I leaf through more pages, wondering, remembering, thinking about this watershed year. Life can turn on a dime. The appointment book reinforces my new awareness of this. We plan our days, but we don’t control them.

My grandmother’s January notes begin with a single line scrawled haphazardly in the margin just before New Year’s Day. Edisto and Trent Turner, she’d written again. There’s a phone number jotted underneath.

Maybe she was talking to someone about having work done on the cottage? That’s hard to imagine. My dad’s personal secretary has been handling Grandma Judy’s affairs since my grandfather died seven years ago. If there were any arrangements to be made, she would have taken care of them.

There’s one way to find out, I guess.

I grab my cell and dial the number.

The phone rings once, twice.

I start wondering what I’m going to say if someone answers. Ummm…I’m not sure why I’m calling. I found your name in an old notebook at my grandmother’s house, and…

And…what?

A machine picks up. “Turner Real Estate. This is Trent. There’s no one here to answer the phone right now, but if you’ll leave a message…”

Real estate? I’m gobsmacked. Was Grandma Judy thinking about selling the Edisto place? That’s hard to fathom. The cottage has been in her family since before she married my grandfather. She loves it.

My parents would’ve told me if we were letting go of the place. There must be another explanation, but since I have no way of knowing, I return to my browsing.

In the closet, I find the rest of her appointment books stored in a well-worn barrister bookcase, right where they’ve always been. They’re neatly arranged in order from the year she married my grandfather to the present. Just for fun, I take out the oldest one. The milky leather cover is dry and crazed with brown cracks so that it looks like a piece of antique china. Inside, the handwriting is loopy and girlish. Notations about sorority parties, college exams, bridal showers, china patterns, and date nights with my grandfather fill the pages.

In one of the margins, she has practiced signing her soon-to-be married name, the flourishes on the letters testifying to the giddiness of first love.

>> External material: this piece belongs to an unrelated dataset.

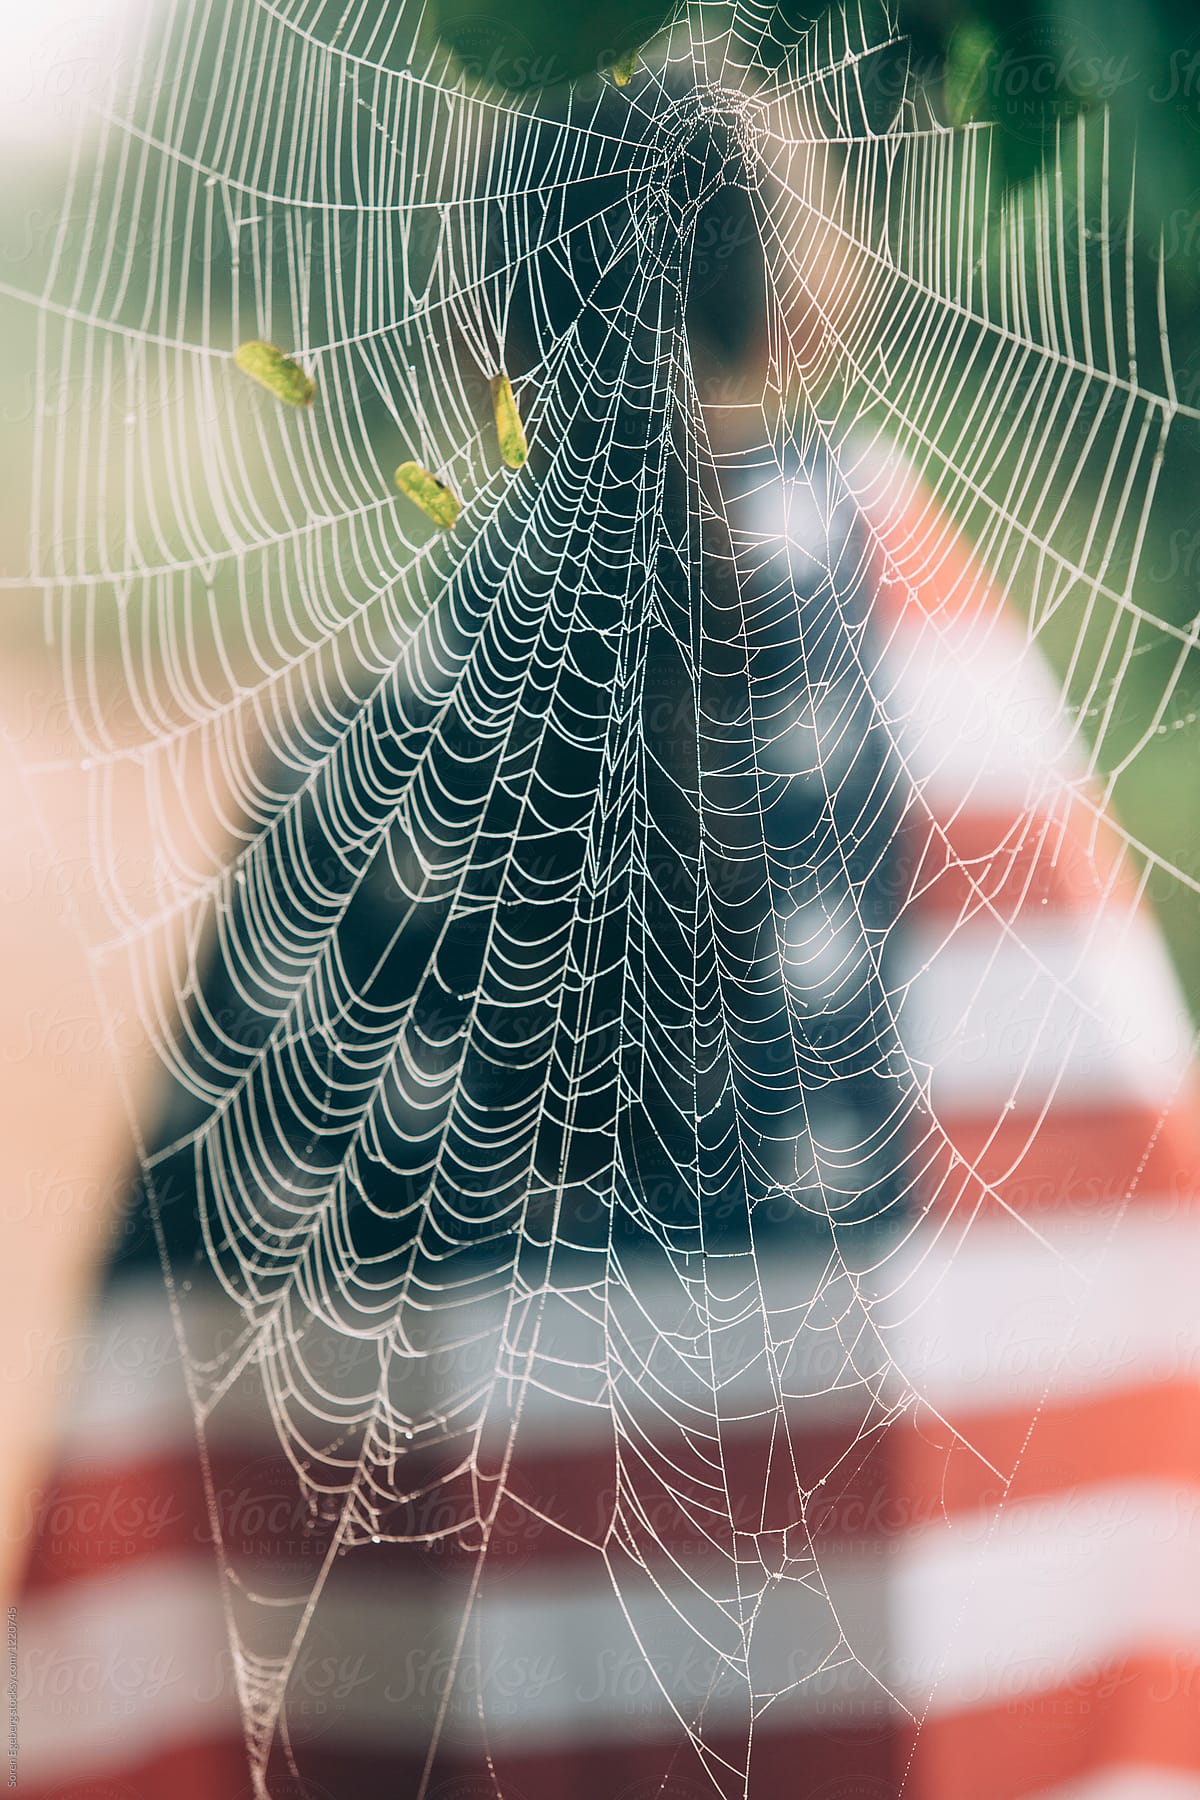 American flag covered by a spider web or cobweb
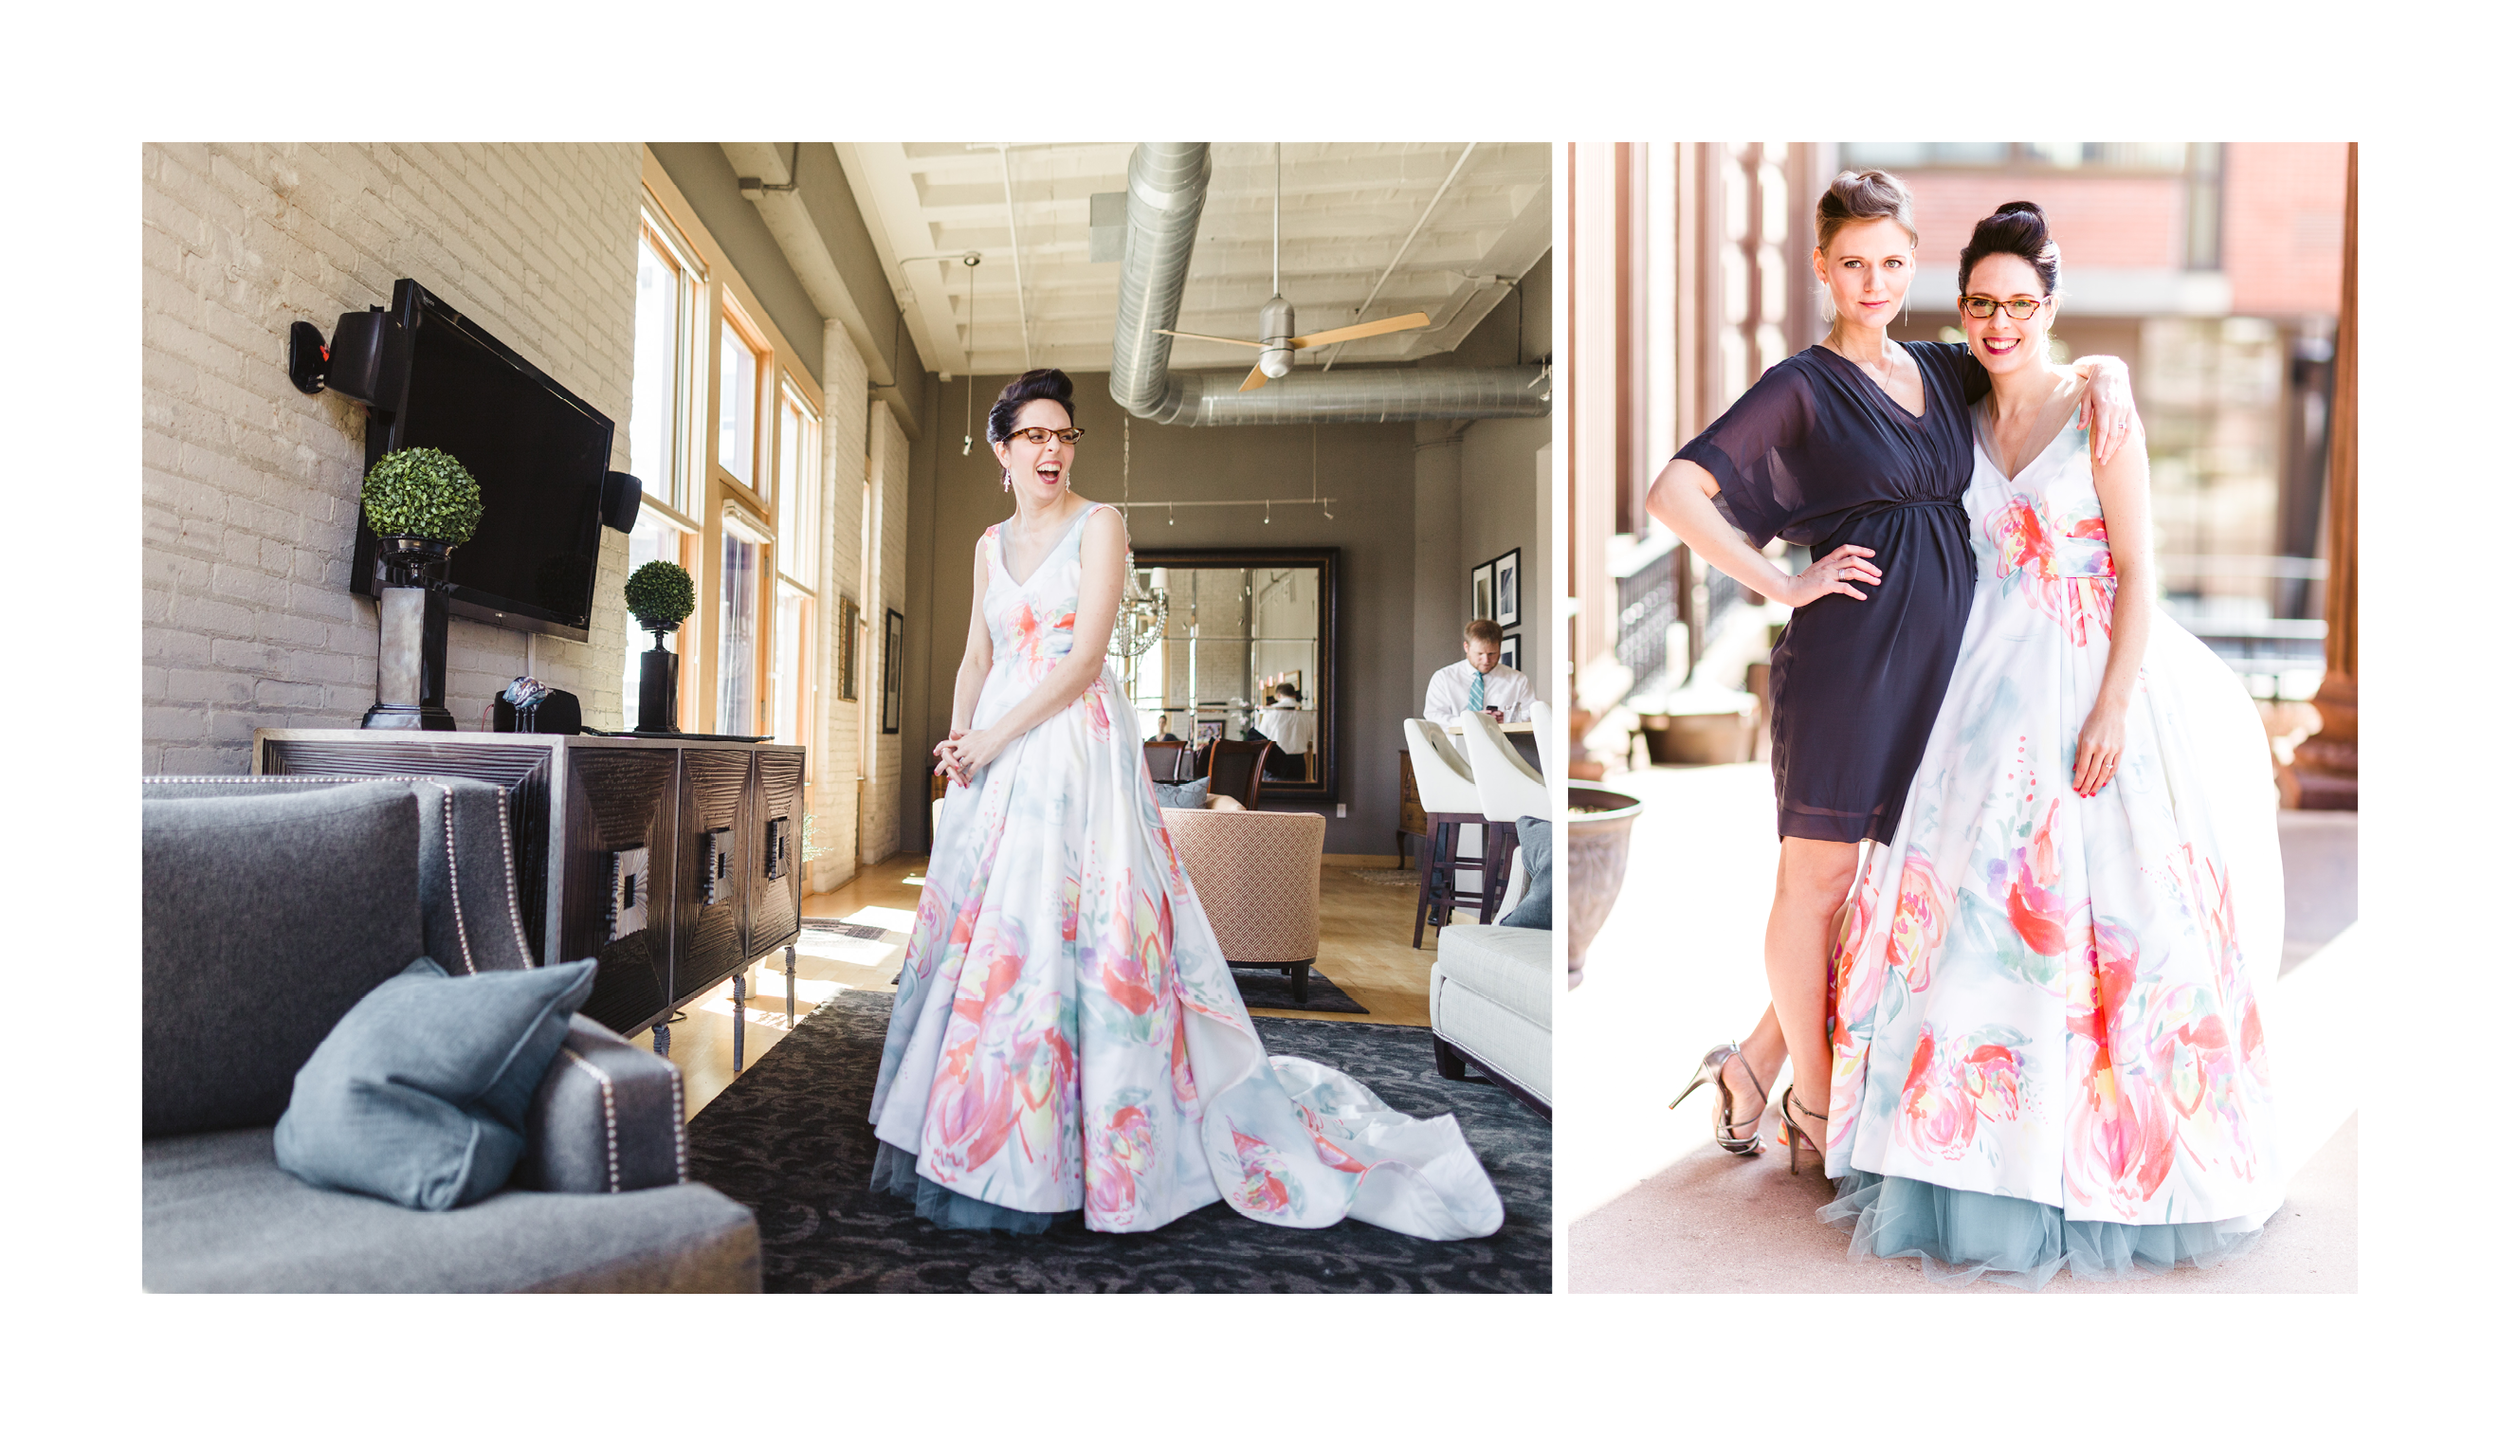  Images by  Valo Photography  | Custom fabric print design (watercolor original, digitized) by Schumann Studio | Custom Gown by  Mink Maids

Visited Harold’s parents at Drayden Hill, one entry says. Horseback riding. Took a few fences. Harold said not to tell his mother. She wants us in one piece for the wedding. I have found my prince. Not the slightest bit of doubt.

Emotion gathers in my throat. It’s bittersweet.

Not the slightest bit of doubt.

Did she really feel that way? Did she really just…know it was right when she met my grandfather? Should Elliot and I have experienced some sort of…lightning bolt moment, rather than the relaxed drift from childhood adventures to adult friendship to dating to engagement because, after six years of dating, it seems like it’s time? Is there something wrong with us because we haven’t tumbled in headfirst, because we’re not in a rush?

My cellphone rings, and I grab it, wanting it to be him.

The voice on the other end is male and friendly, but it isn’t Elliot’s.

“Hello, this is Trent Turner. I had a call from this number. Sorry I missed you. What can I help you with?”

“Oh…oh…” Every possible icebreaker flies from my mind, and I blurt out, “I found your name in my grandmother’s date book.”

Papers shuffle in the background. “Did we have an appointment set up here on Edisto? To look at a cottage or something? Or is this about a rental?”

“I don’t know what it’s about. Actually, I was hoping you could tell me. My grandmother has been experiencing some health problems. I’m trying to make sense of the notes on her schedule.”